Immunofluorescent Staining

Immunofluorescent staining was used to observe the protein expression of SRC in U373 cells after CGA treatments. Cells were washed three times with PBS at 4°C, fixed with 4% paraformaldehyde for 15 min, and immersed three times (5 min each time) in PBS containing 0.1% TritonX-100. Then, the cells were incubated with SRC primary antibody overnight in a wet box at 4°C, after which they were incubated with a fluorescent secondary antibody for 1 h. After staining with DAPI in the dark for 3 min, samples were incubated with an antifade mounting medium and were then coverslipped. SRC proteins were labeled with red fluorescence, while DAPI was labeled with blue fluorescence. The protein levels of SRC (the red fluorescence intensity) were analyzed by Image J software and showed as mean optical density. Data were expressed as mean ± SD (n=6).

Western Blotting

Western blotting was performed as previously described.14 In brief, proteins were extracted from cells and tumor tissues via RIPA lysis buffer with PMSF, and protein levels were quantified via a BCA protein assay kit.
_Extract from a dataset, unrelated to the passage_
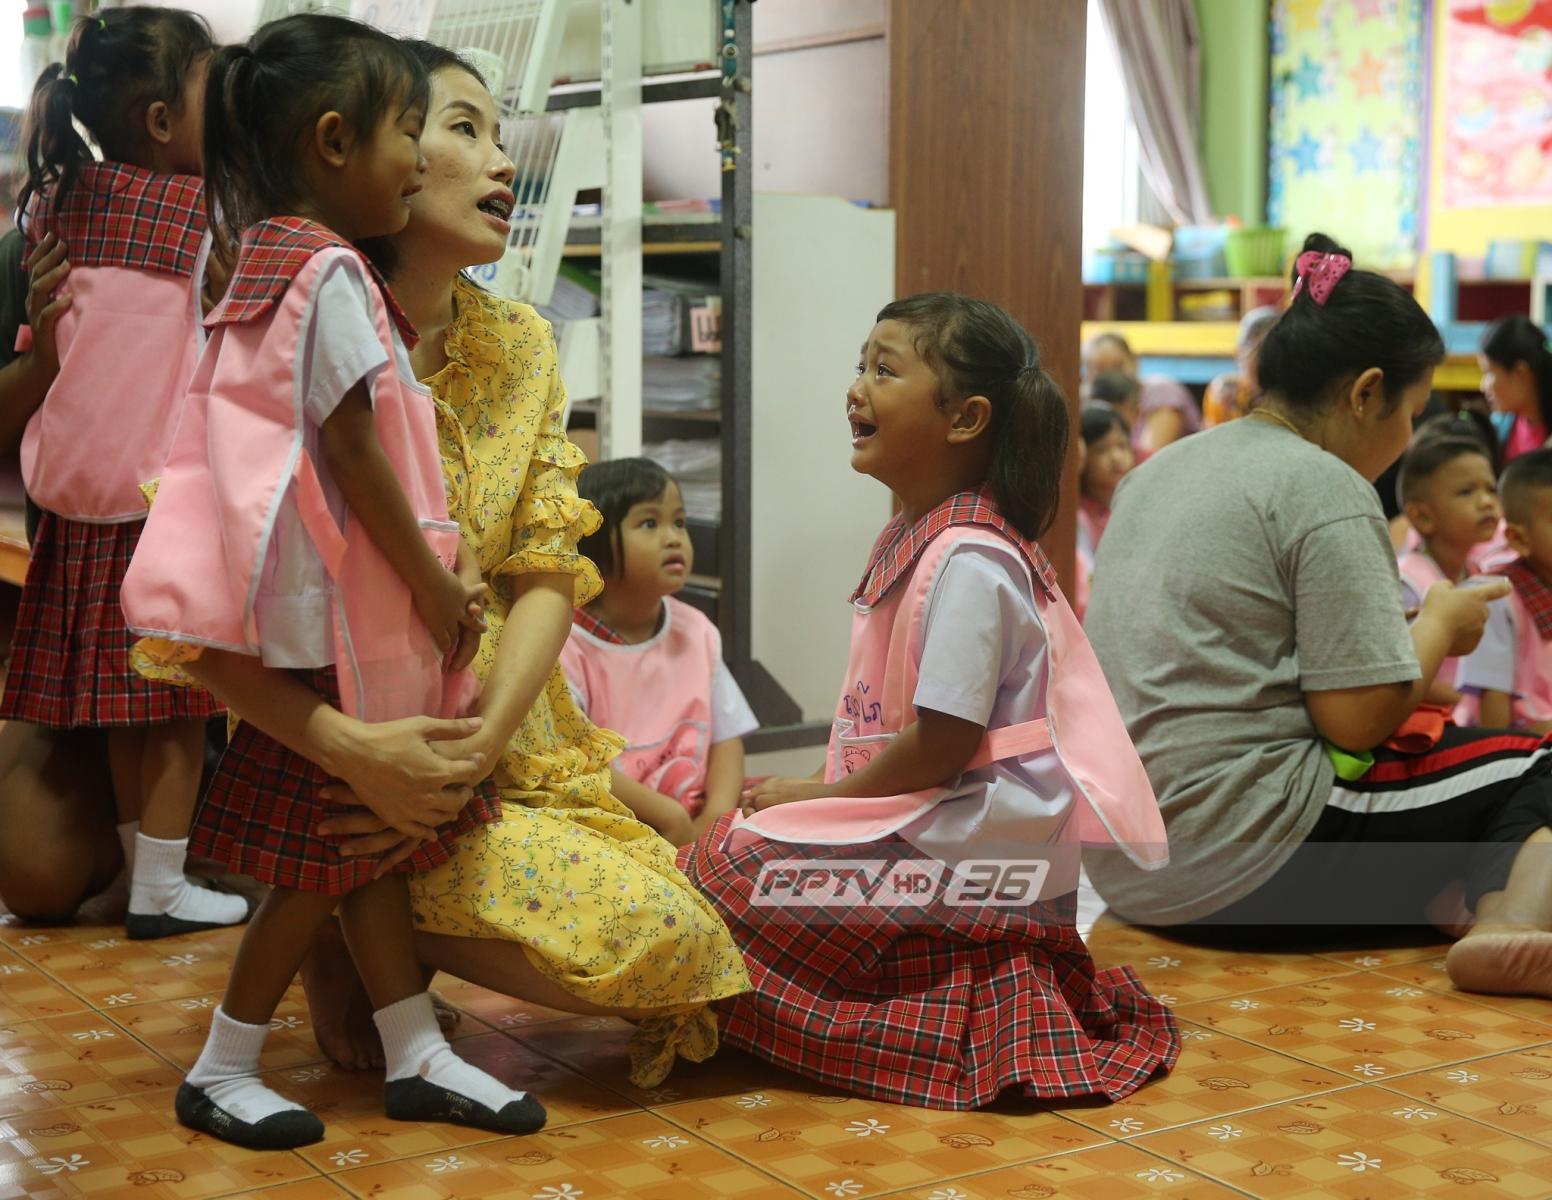 วิธีรับมืออาการงอแง เมื่อลูกน้อยต้องไปโรงเรียนครั้งแรก
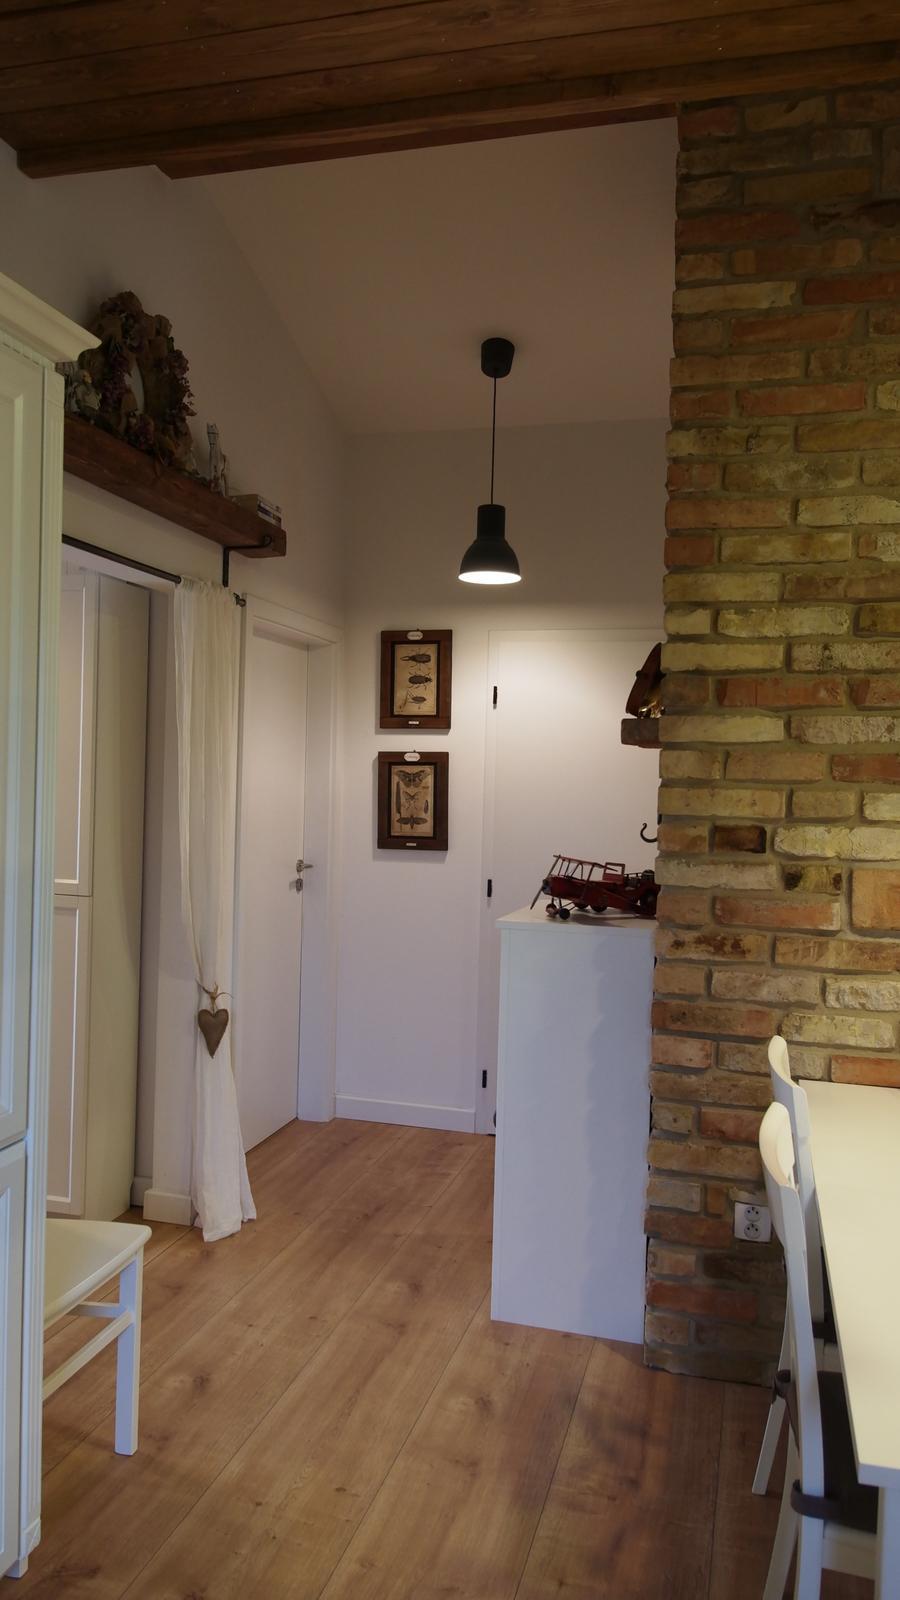 Náš domček ♡ Bramasole ♡ ... Stilo interiér aj exteriér 3. rok bývania - Obrázok č. 9

Then, proteins were separated by 10% SDS-PAGE gels and were then transferred onto PVDF membranes. Next, membranes were blocked with 5% fat-free milk at room temperature for 1 h, followed by incubation with primary antibodies and secondary antibodies. Finally, membranes were soaked in enhanced ECL reagents and protein bands were detected using a UVP BioSpectrum Imaging System. The intensities of protein bands were quantified with ImageJ software. Data were expressed as mean ± SD (n=3).

Xenograft Models

Thirty-two BALB/C nude mice (male, 5–6 weeks, 18–22 g) were purchased from Beijing Vital River Laboratory Animal Technology Co., Ltd. (Beijing China). U373 cells (1×107 cells/200 µL) were subcutaneously injected into the right armpit. All tumor-bearing mice were equally divided into four groups, and different concentrations of CGA (normal saline, 5 mg/kg, 10 mg/kg, 20 mg/kg) were given to each group via daily intragastric administration. After 24 d, mice were sacrificed and their tumors were collected. All animal experiments were approved by the Laboratory Animal Research Committee of Huazhong University of Science and Technology (approval number: SYXK2016-0057).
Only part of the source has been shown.